Super Sydney is officially 6 months old today! It’s hard to believe that she’s been an “outside baby” for half a year already. She’s pretty lazy – doesn’t so much want to roll or try to crawl or anything. Whenever she tries to roll, it gets too hard, so she sucks her thumb and lays down instead. I mean, I guess I can’t blame her. Her personality is still so pleasant – lots of smiles, coos, and very happy. She doesn’t nap hardly at all, (unless she’s laying on Mommy or Nonna) but she does sleep for 8-10 hours at night, so I can’t complain too much. She loves her toes, and she’s chomping on everything, so we’re expecting teeth soon. I think we’ll start introducing solids soon. The plan is to try baby led weaning…more on that in future blog posts.
Vincent the Magnificent loves his sister…sometimes too much. “I hold Sydney! I need to do tummy time too!” And then he plops himself down next to her – sometimes narrowly missing her head, sometimes accidentally (or on purpose) stepping on her hands or feet. Sibling love right?
For some reason, Sydney seems younger than Vinny when he turned 6 months. Probably because he did everything early – rolling and teeth at 4 months, crawling at 6 months, walking and words by 11 months… But that’s just who he is – he’s constantly busy, on the go. He’s quite independent and head strong. He knows what he wants, and he’s not shy about letting anyone know exactly what that might be. I wonder if Sydney’s personality will be similar to how she is as a baby – laid back and a little lazy. (Please, please, please don’t have Mommy’s anxiety!!)
Today also marks 6 months of exclusively breastfeeding (pumping at work) Sydney. While my big goal is still making it to one year with nursing, I’m super proud of myself for getting this far. Thankfully, we’ve had a fairly easy time with this journey so far. She’s latched well, my milk production has been just what she needs, I’ve been able to pump enough for when I go to work, and she’s growing like she should be. The fact that breastfeeding has been going so well makes me feel incredibly blessed. I even hate pumping less than I did before…probably because when I’m doing it at work I feel closer to Sydney, and when I’m doing it at home (since Syd sleeps through the night, sometimes I’ll pump before I go to bed just to add some to my freezer stash and so I don’t wake up with my breasts ready to explode) it’s still not quite as terrible.

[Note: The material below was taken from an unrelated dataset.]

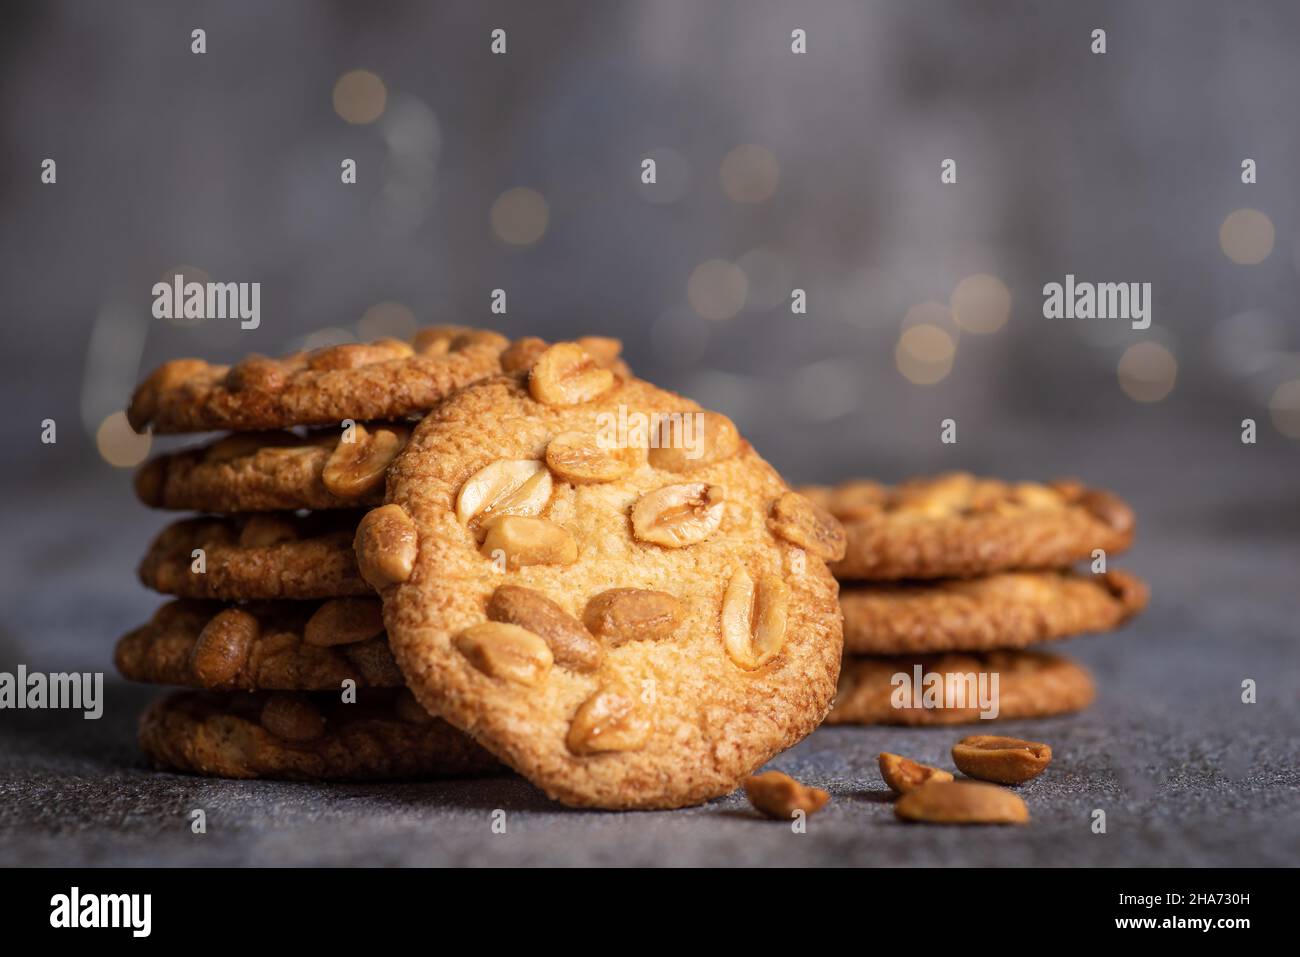 Pile de biscuits faits maison avec des arachides sur un tas sur fond gris Banque D'Images
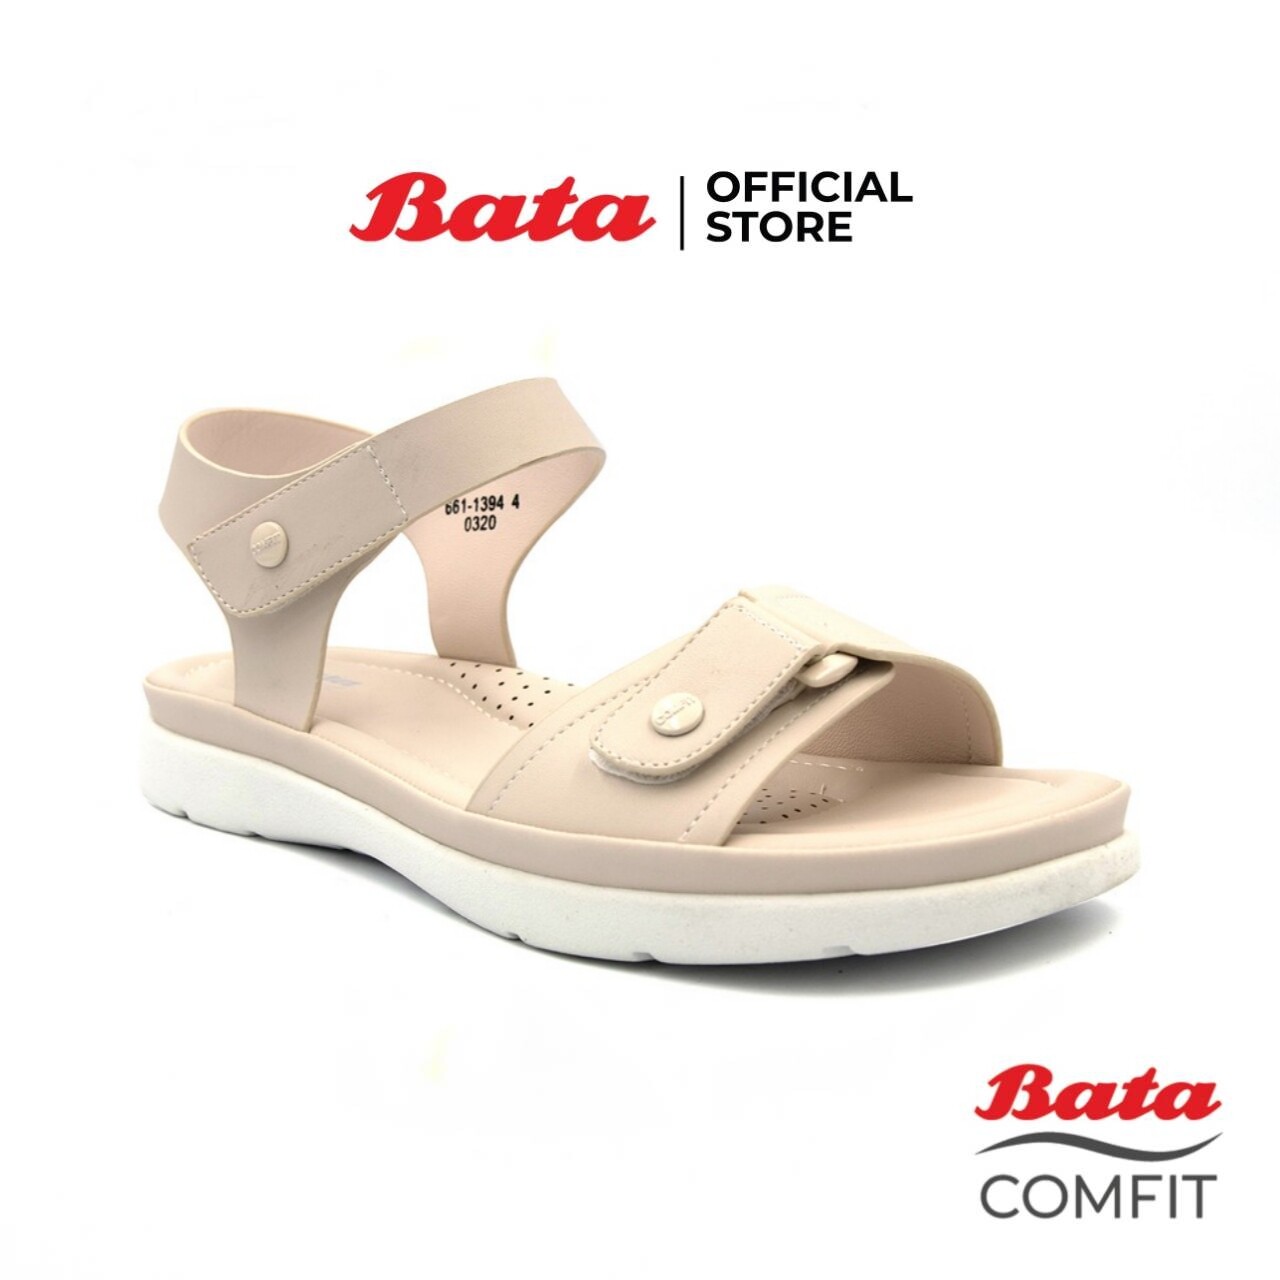 Bata COMFIT SANDAL รองเท้าแตะรัดส้นหญิง แบบสวม สีขาว รหัส 6611394 Ladiesflat Fashion SUMMER

The other day, for the first time ever, Vinny came up to me, pulled down my shirt, and said he wanted to eat like Sydney eats. Initially, I thought it was funny because he’s been wanting to do more “baby” things since Sydney has been born, so of course he’d want to eat like his sister. But it also made me feel kind of sad that I didn’t (couldn’t) breastfeed him. There’s such a closeness and connection I feel when I’m feeding Sydney. There’s nothing better than her falling asleep when she’s nursing. Vinny is (and has always been) such a Daddy’s boy. He’s my husband’s little buddy. Most of the time I think it’s adorable, but sometimes it makes me jealous. And then I go down the rabbit hole of thinking “maybe I should’ve really looked into figuring out how to breastfeed a baby who was adopted…did I make the right choices when he was younger in formula feeding him? Should I have gotten breastmilk donated? Etc. etc. etc.”
I know my reasons for not choosing to try to breastfeed a baby I didn’t give birth to are valid, but, man, mom guilt is so real. If I’m being completely honest, I think that’s a big reason I so badly want to make it to a year (at least) breastfeeding Sydney. I couldn’t do it with Vinny, and I’m feeling guilty about it, so I want to breastfeed Sydney as long as I possibly can.
6 months went by way too quickly…this mama is just not ready for her kids to grow up!